Peut-être que l’obsession des chiffres pourrait bien nous rendre dingues. Et qu’y mettre un peu de hauteur et d’humain est encore nécessaire, en faisant attention aux biais de comportement qu’ils peuvent provoquer. Voilà ce que Chat GPT ne pourra pas faire à notre place…Pour le moment.


Aller sur le terrain

TerrainQuand on arrive tout en haut de l’entreprise, on a une préoccupation : comment faire pour ne pas s’isoler dans sa tour, entouré de courtisans qui veulent tous se mettre en avant en nous envoyant des notes en tous genres pour se faire bien voir, et ainsi perdre le contact avec la vraie vie opérationnelle et les préoccupations des employés de l’entreprise.

Alors les dirigeants cherchent les trucs pour garder ce contact. Les plus technos pensent aux datas, compiler et analyser des tas de données sur ce qui se passe dans l’entreprise, à coups de sondages et de baromètres sur la « température sociale », ainsi que les outils de surveillance divers qui ne disent pas leur nom. Mais cela ne dit pas tout.

Et certains dirigeants cherchent autre chose de plus physique.

Alors, on va parler « d’aller sur le terrain » ; cette expression fait fureur dans le vocabulaire des patrons dans le coup. C’est la marque d’une attention pour les employés, que l’on adore « écouter ».

Et là, les idées foisonnent. On a eu le temps des « Comex de jeunes » avec qui l’on fait des dîners de temps en temps, et à qui on soumet des projets à étudier (pas des trucs importants, mais des trucs de jeunes qui parlent de sauver la planète ou d’améliorer le bien-être des employés ; et les syndicats, qui aimeraient avoir le monopole du « dialogue » détestent tous ces trucs).
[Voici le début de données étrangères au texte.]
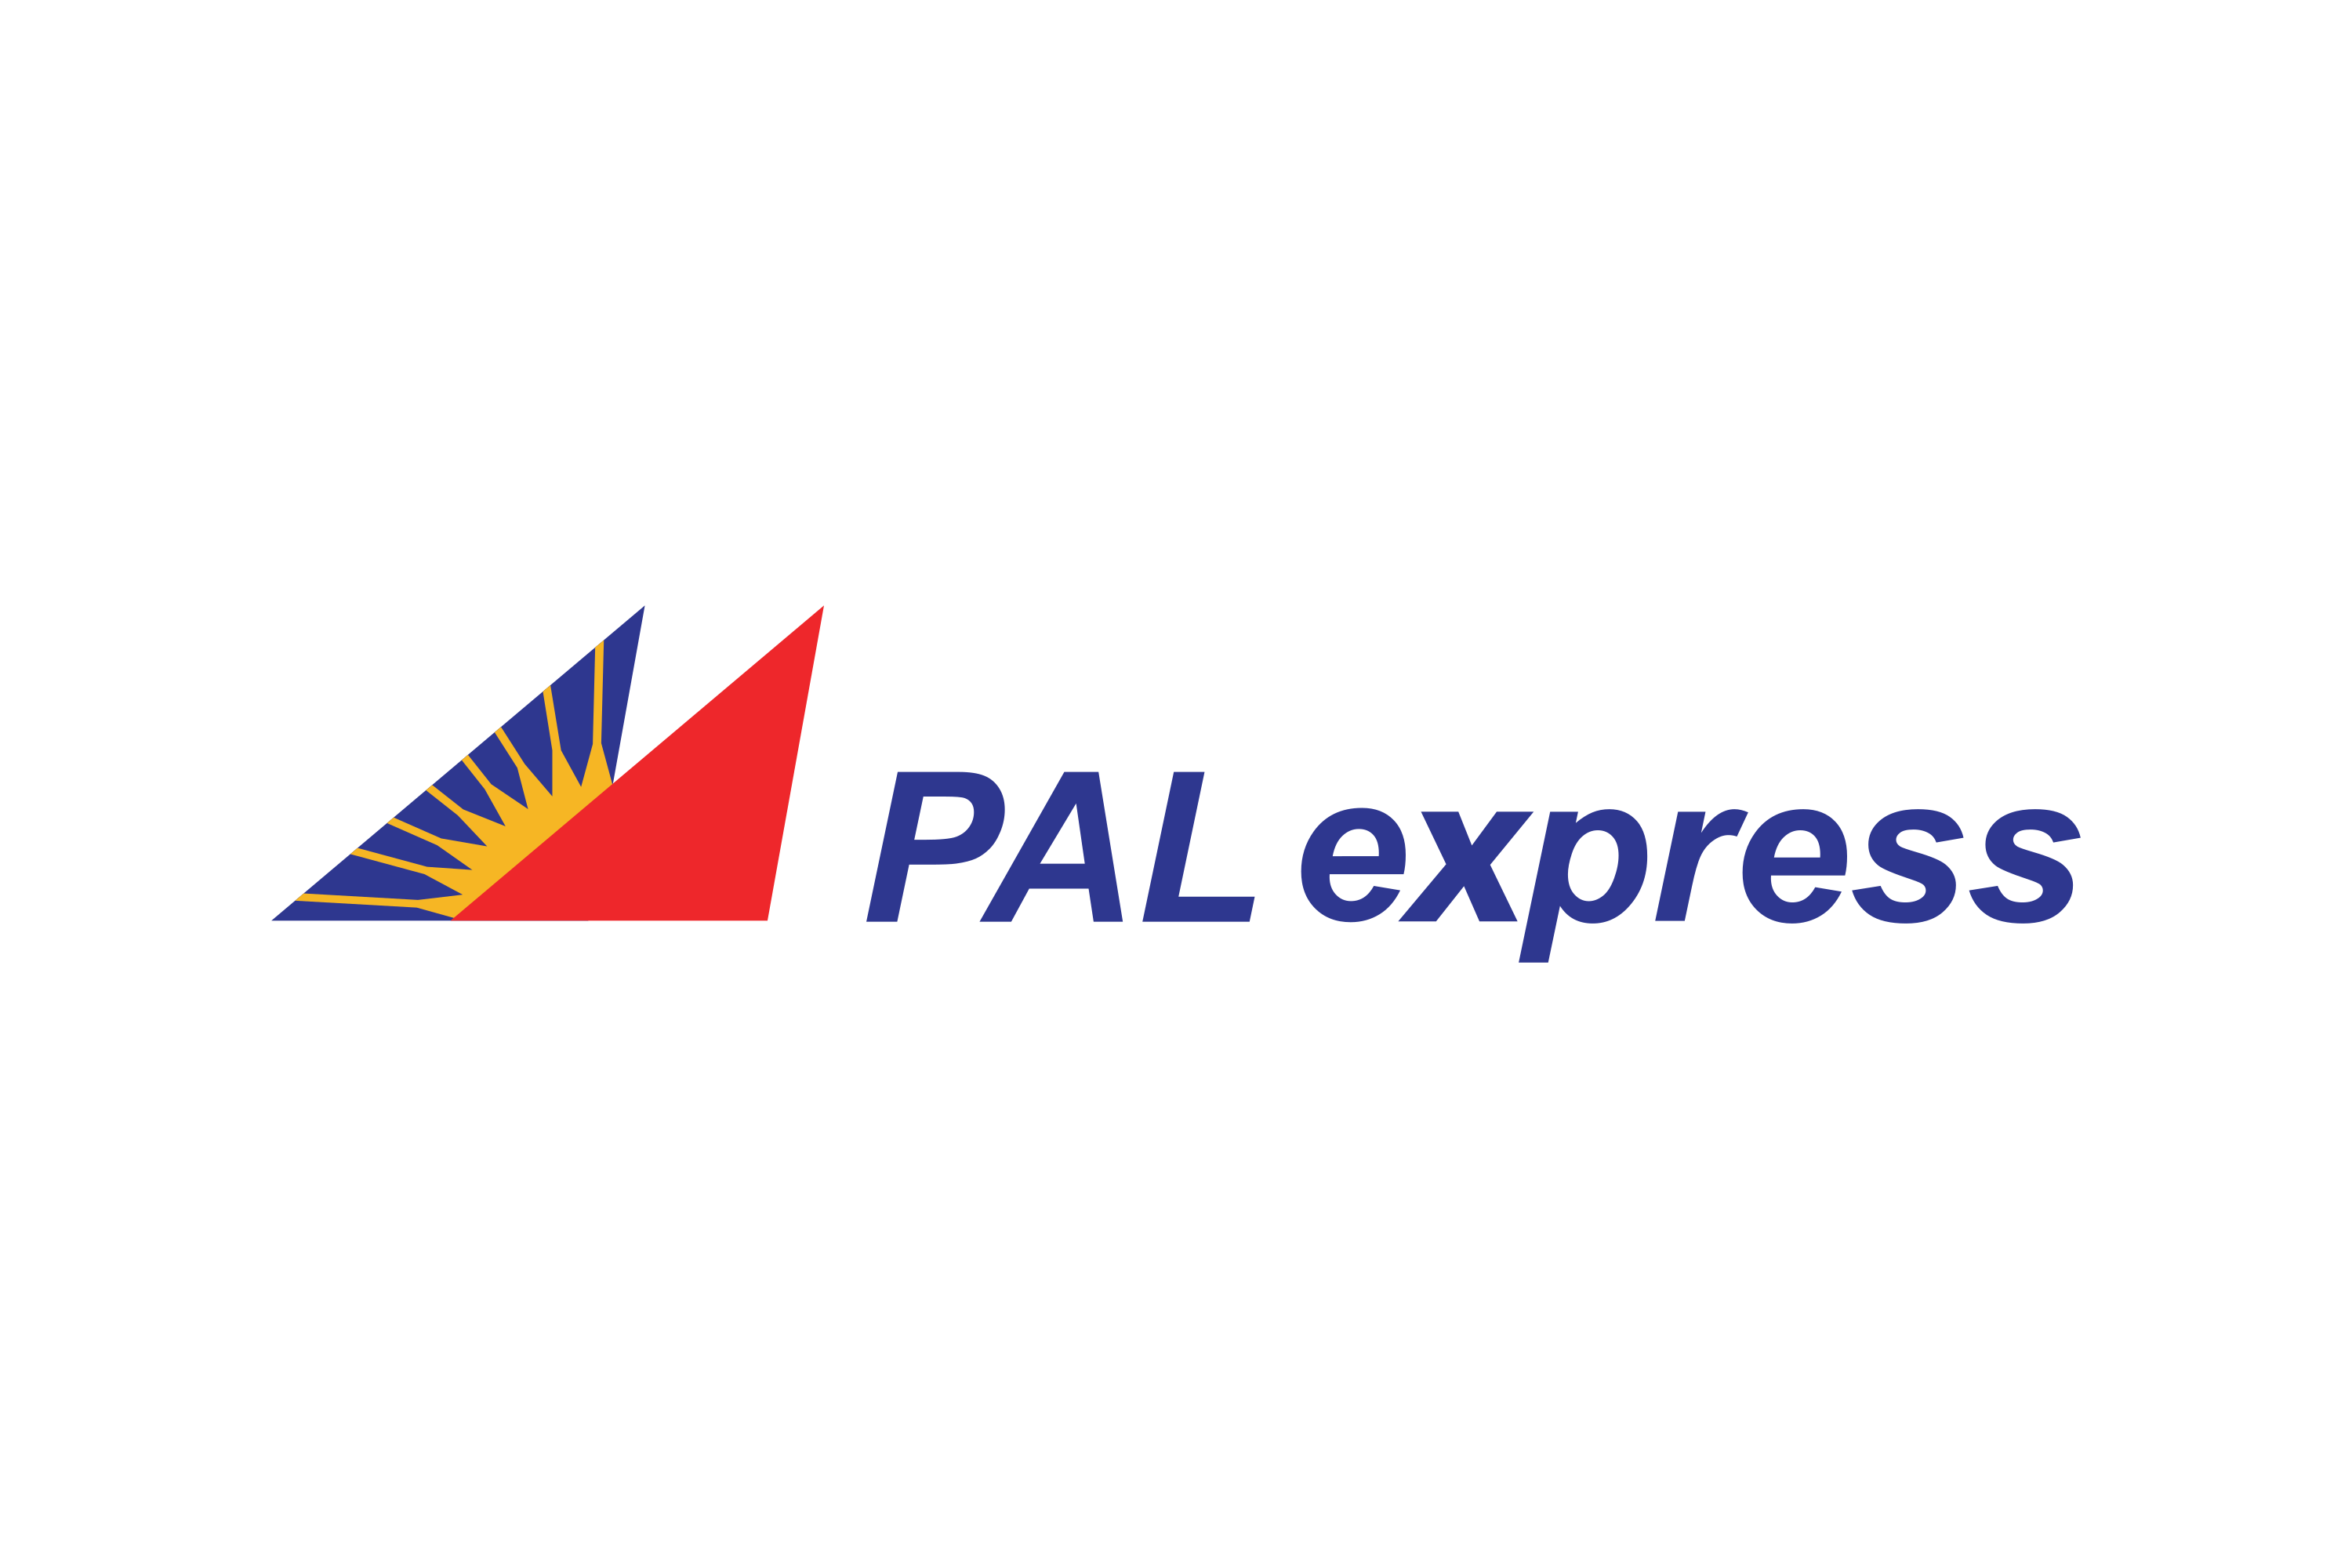 Download PAL Express Logo in SVG Vector or PNG File Format - Logo.wine

On peut aussi faire des visites, programmées ou impromptues, dans les arcanes de l’entreprise, y compris dans les régions loin du siège, et les ateliers de production, ou faire le client mystère dans les magasins du groupe de Distribution (genre patron presque incognito). Et après, grâce à ces observations, on peut envoyer dans les dents du Comex, lundi matin, tout ce qui déconne dans l’entreprise et que le patron, lui qui se bouge, a pu voir de ses yeux et entendre de ses oreilles. Effet garanti d’une super ambiance lundi matin au comex. Oui, la manie d’ »aller sur le terrain » peut aussi avoir ses côtés pervers.

Mais « aller sur le terrain » cela peut aussi devenir un mode de management ; on appelait ça dans les années 90 « managing by wandering around – MBWA », en français le management baladeur. Et ça marche encore. Cela est aussi l’occasion, non seulement de s’informer sur le fonctionnement concret de l’entreprise, mais aussi de motiver le personnel. Cela peut prendre la forme d’une réunion debout, impromptue, pour discuter de ce sur quoi travaillent en ce moment même les employés, et recueillir des infos pour améliorer le fonctionnement.

Un auteur américain, Kenneth H. Blanchard, avait popularisé ces pratiques dans son ouvrage célèbre, « The One Minute Manager », dans les années 80, et plusieurs rééditions complétées depuis, incitant par exemple à surprendre les employés qui font des bonnes choses sur un projet, et à les en remercier.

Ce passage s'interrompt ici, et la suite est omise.